From 0861cade5a17228f35d03c3ebd200dcb04e4ddab Mon Sep 17 00:00:00 2001
From: Tom Kirkpatrick <200251+mrfelton@users.noreply.github.com>
Date: Thu, 11 Jun 2026 19:15:10 +0200
Subject: [PATCH 1/2] fix: stop token-optimizer self-targeting the AIC
 monitoring family
MIME-Version: 1.0
Content-Type: text/plain; charset=UTF-8
Content-Transfer-Encoding: 8bit

The Phase 1 self-targeting guard ("Exclude workflows with \"Token\" in the
name") can never fire: gh aw logs reports `workflow_name` as the display
name (the H1), which for these two workflows is "Agentic Workflow AIC
Usage Optimizer" / "Daily Agentic Workflow AIC Usage Audit" — neither
contains "Token". The string only appears in the workflow id / tracker-id.
So the monitoring family is never excluded, and the optimizer selects
itself (or its sibling audit) as the target.

This fixes it two ways:
- Deterministic pre-filter in the "Download" step: drop runs whose
  workflow_path matches `agentic-token-(optimizer|audit)` or whose
  display name matches `AIC Usage (Optimizer|Audit)`, so neither
  all-runs.json nor top-workflows.json can list the family.
- Correct the Phase 1 prompt guard to key off the actual ids/display
  names instead of the substring "Token".

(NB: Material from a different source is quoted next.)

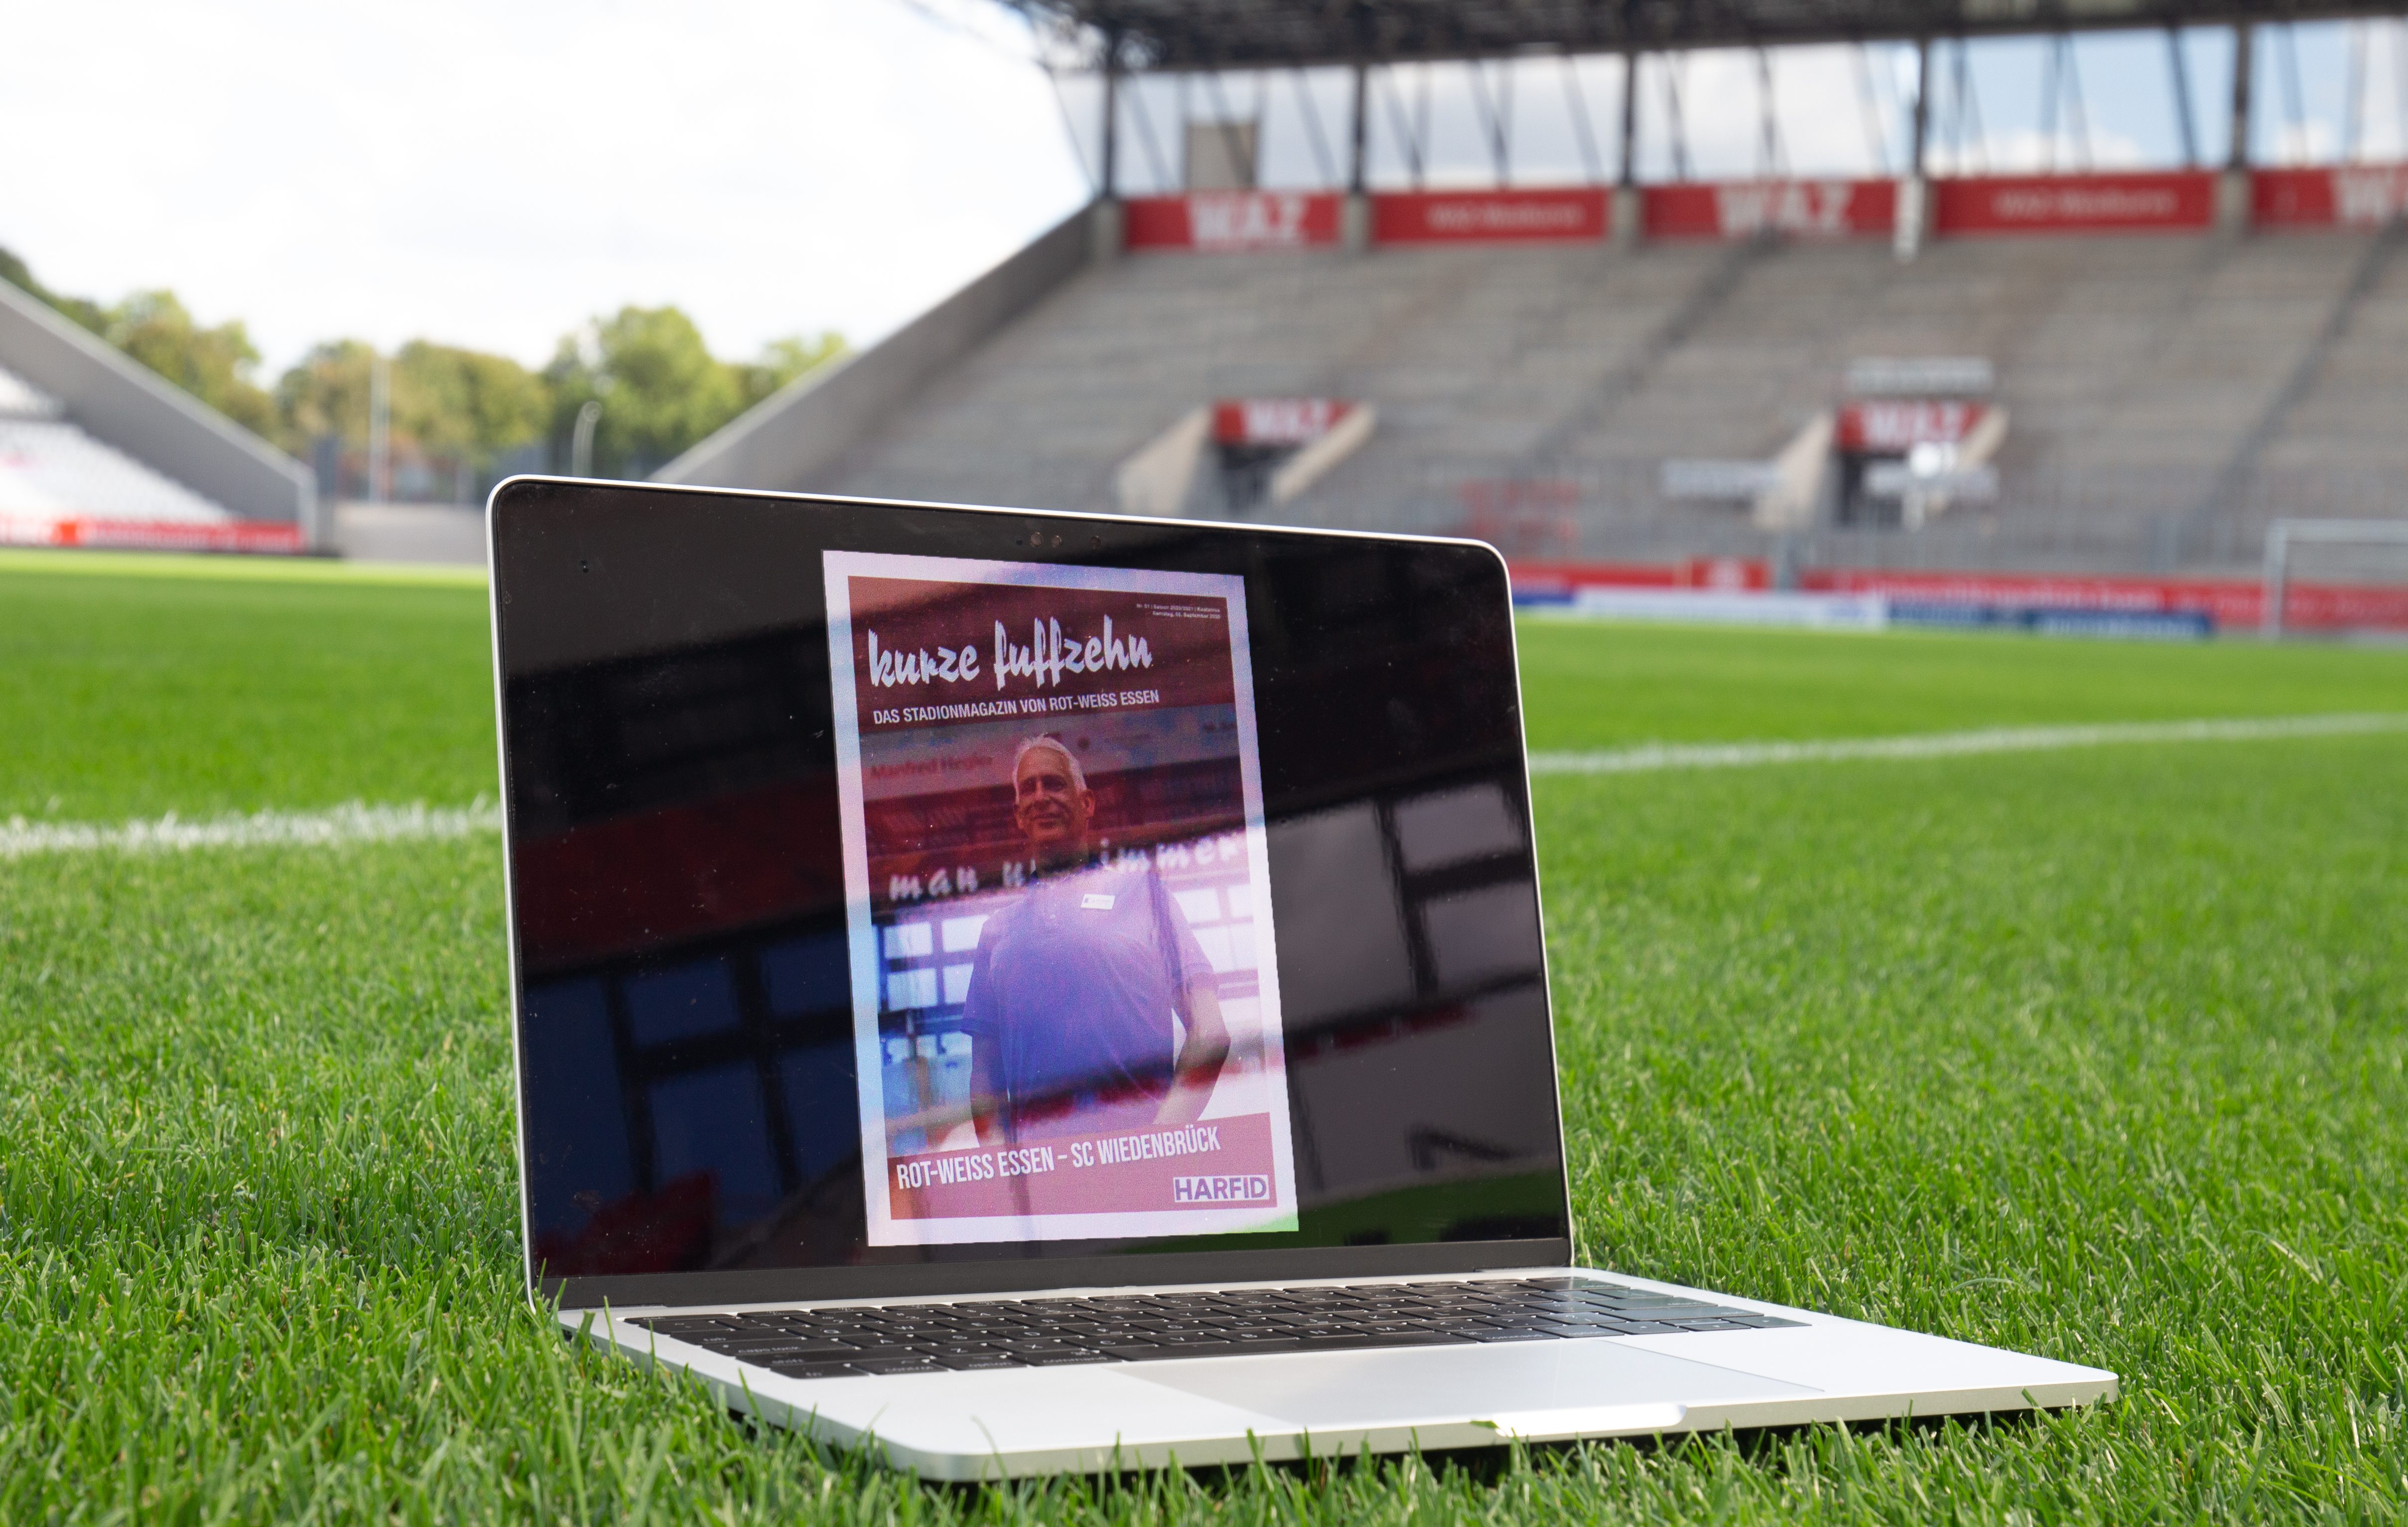 """Das rot-weisse Stadionmagazin """"Kurze Fuffzehn"""" erscheint zum Pokalduell gegen Bielefeld in digitaler Form."""

Source `.md` only — the generated `.lock.yml` files are intentionally
left for in-repo regeneration via `gh aw compile` (lock cron jitter and
action-pin resolution are repo-scoped, so fork-built locks would not
match this repo's CI output).

Fixes #119

Co-Authored-By: Claude Opus 4.8 (1M context) <noreply@anthropic.com>
---
 .github/workflows/agentic-token-optimizer.md | 13 ++++++++++++-
 workflows/agentic-token-optimizer.md         | 13 ++++++++++++-
 2 files changed, 24 insertions(+), 2 deletions(-)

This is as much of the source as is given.